EVEN AFTER THE RAINS OF the equinox stopped, the sky was still lost, and only through clefts and crannies in the heaving cliff-face of dark cloud could the Divine Modron spy glimpses of the harvest moon. It was bound and imprisoned. But its pull was sufficient to lure the child, and she felt the shape of him pressed against her belly. Two hands, two feet, a head. A human shape then. So be it.

The clouds parted a little further and the Divine Modron felt her body draw in tight. Only ten weeks after the rape and her son was ready for the world. His precocious growth did not trouble her, knowing as she did that this child would grow four times faster than his human father, even though that father was a king.

And king he was. Urien of Rheged, himself the son of a king, Cynfarch Oer, the Cold One, who was son of a king himself. And so it went back in a line of kings all the way back to Hen Coel, the first to introduce the worship of Christ the Anointed. Men of men. Men for men. Men whose gods were men.
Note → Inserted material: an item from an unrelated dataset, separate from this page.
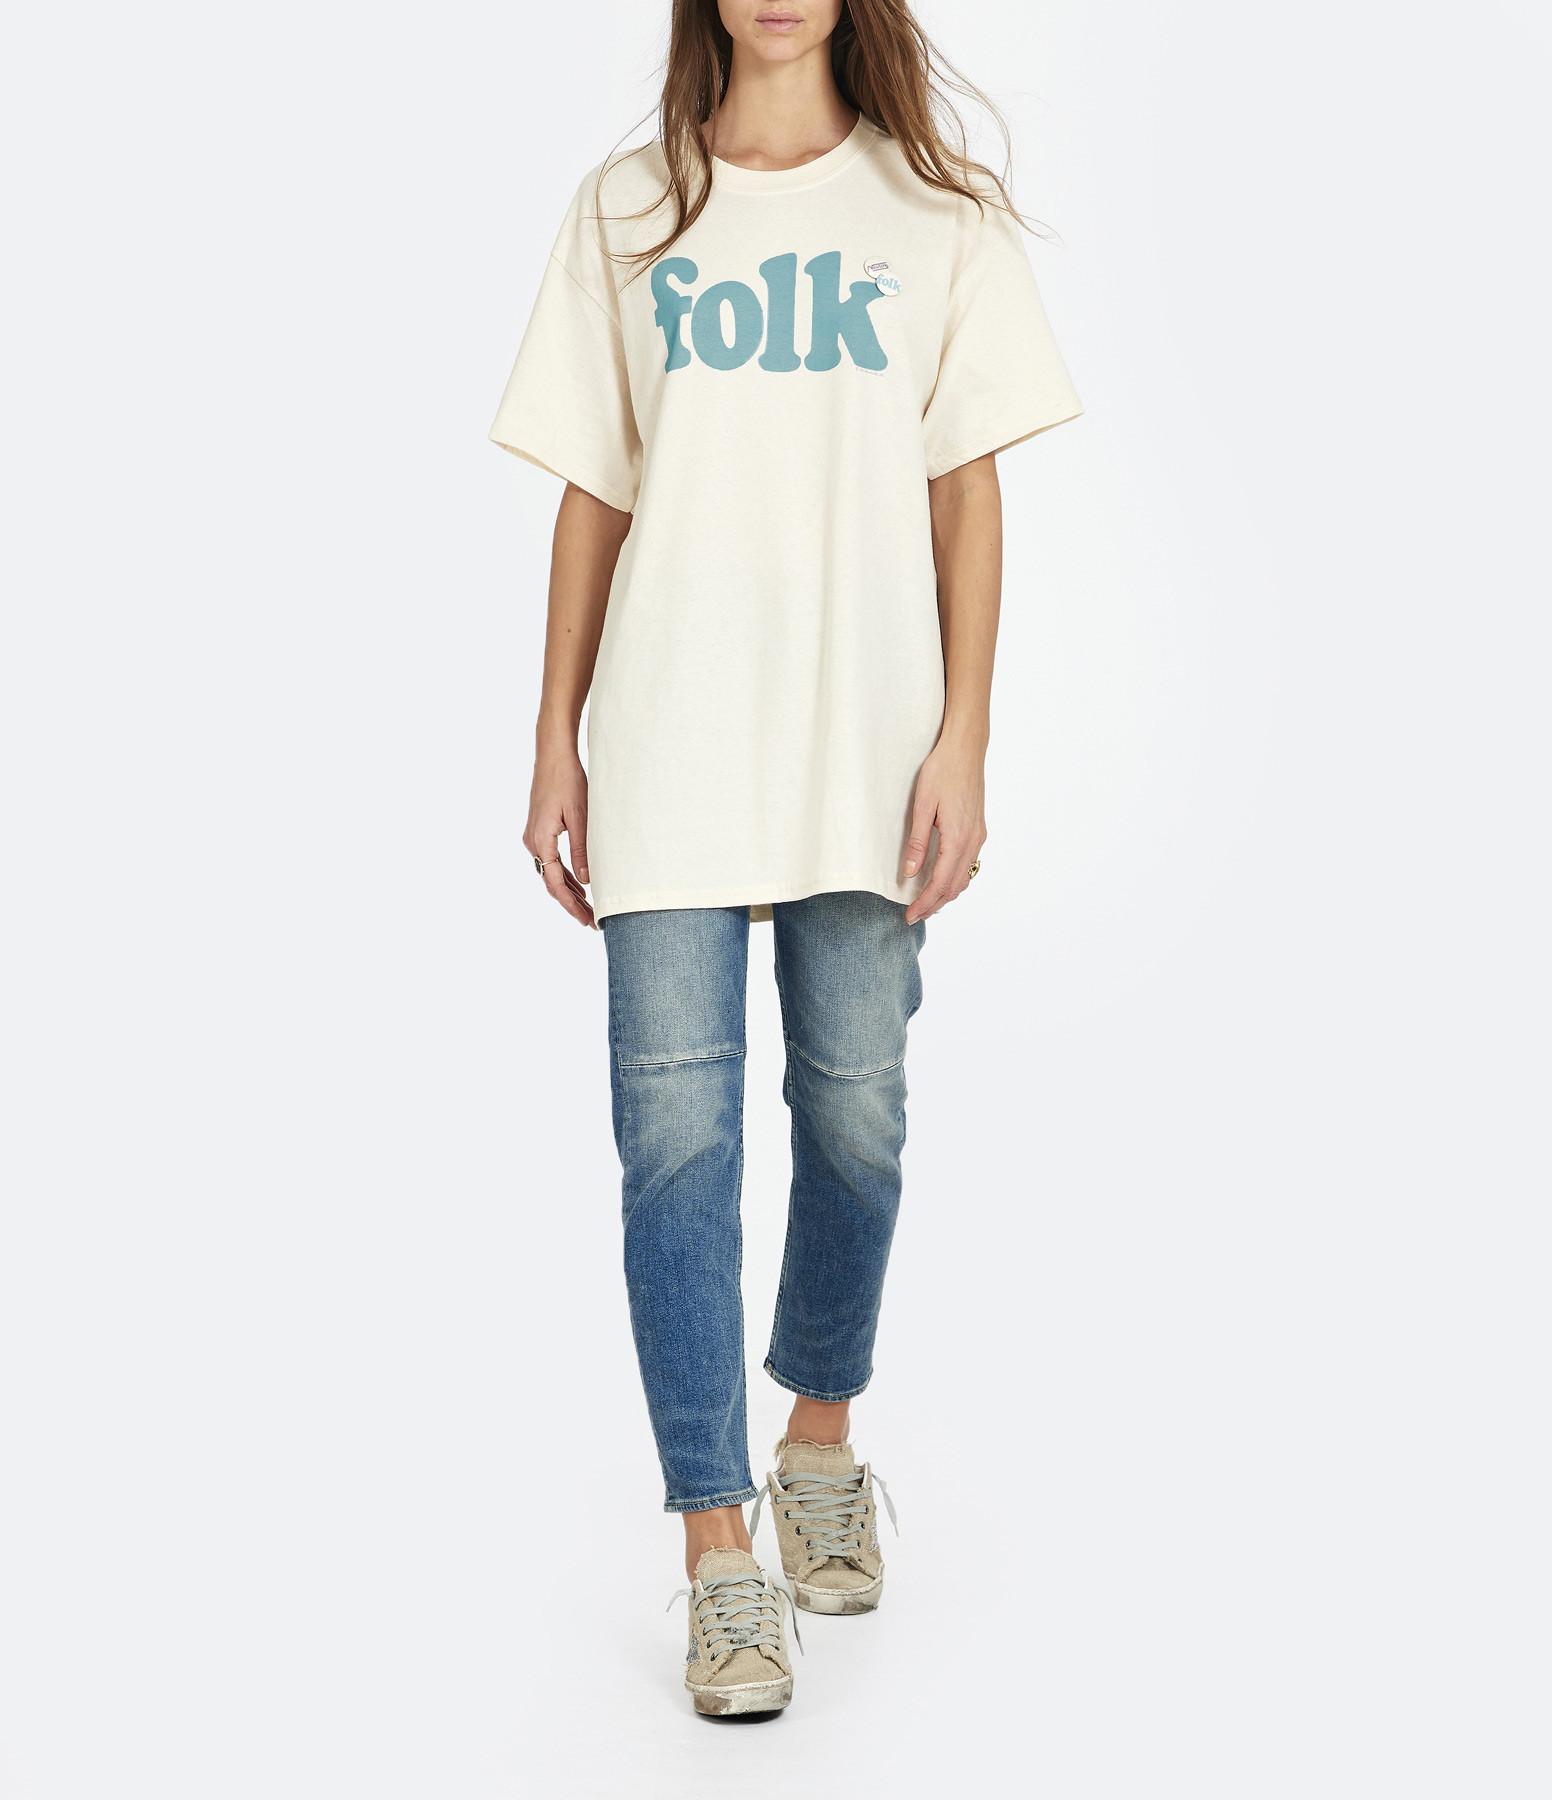 NEWTONE - Tee-shirt Folk Naturel

Not that they lacked courtesy. A chivalric code was bred into them by their tonsured tutors, who themselves revered a lackluster and sexless vision of womanhood known as the Queen of Heaven. But, while they could neuter their goddess, they could not neuter the idea of womanhood, and so they had to give her a second face as the whore of Magdala.

It was this face that Urien met when he galloped his fine stallion through the ford, sending up curtains of water that soaked the Divine Modron, who had been washing clothes at the water’s edge. She jumped up and stood there, her hair full of glints, tendrils of liquid streaming down her back, like the water streaming in rivulets between her breasts and down her rounded calves.

Urien pulled his horse up, aware that he was in the presence of something unworldly. But he was wearing the armor of a Christian knight and could not see through it. They looked at each other, the king and the Divine Modron, and Urien could feel the swelling of his lust beneath his armor. He dismounted slowly and walked towards her, but as soon as he had closed the distance to two strides, she turned and ran.

It fired Urien’s blood, and he cast off his mail shirt and his greaves and went running after her. She moved, like a hind, lithe and nimble, while he crashed and roared through the trees so blinded by the urgency of the chase that he quite failed to notice that he was hunting that which was hunting him.

He found her at the heart of the forest, at the centre of a ring of oaks, waiting. The air was very still, the light unholy, chimerical. A man, who had supped the blood of Christ, should have heeded the warnings, but his hunger made him bold, and he entered the Divine Modron’s temple, like a slavering wolf, crushing the poisonous mushrooms beneath his boots.

And, as he drew near, he smelled loam and clay and all the secret earthy places of her. His mind was all red and she was all green. With no thought to the consequences, he ripped the woolen shift from her body, spinning her around and forcing her down on all fours.

He entered her roughly, pushing her face against the ferns and the bracken and the dirty, dirty earth, howling out his pleasure and riding her, like a storm, a cloudburst that poured its moisture into the dry pores of her body until her mouth opened, like a chasm and she let out a scream of such unholy delight that the ground trembled and the sky shuddered and the oaks let loose a confetti of viridian leaves all around them.

The scream frightened Urien. He got to his feet, blinking, like a man, who cannot wake up then he looked down and saw the naked body of the Divine Modron, her legs wantonly apart, and the dark red gash between her thighs that now looked like the mouth of a cave that led all the way to Hades. He staggered back, recoiling from the rank female scents, the mouldering leaves, the rotting bones of little animals, all the things that belong to the earth, and, turning, fled the forest, as though all the demonesses of hell were after him.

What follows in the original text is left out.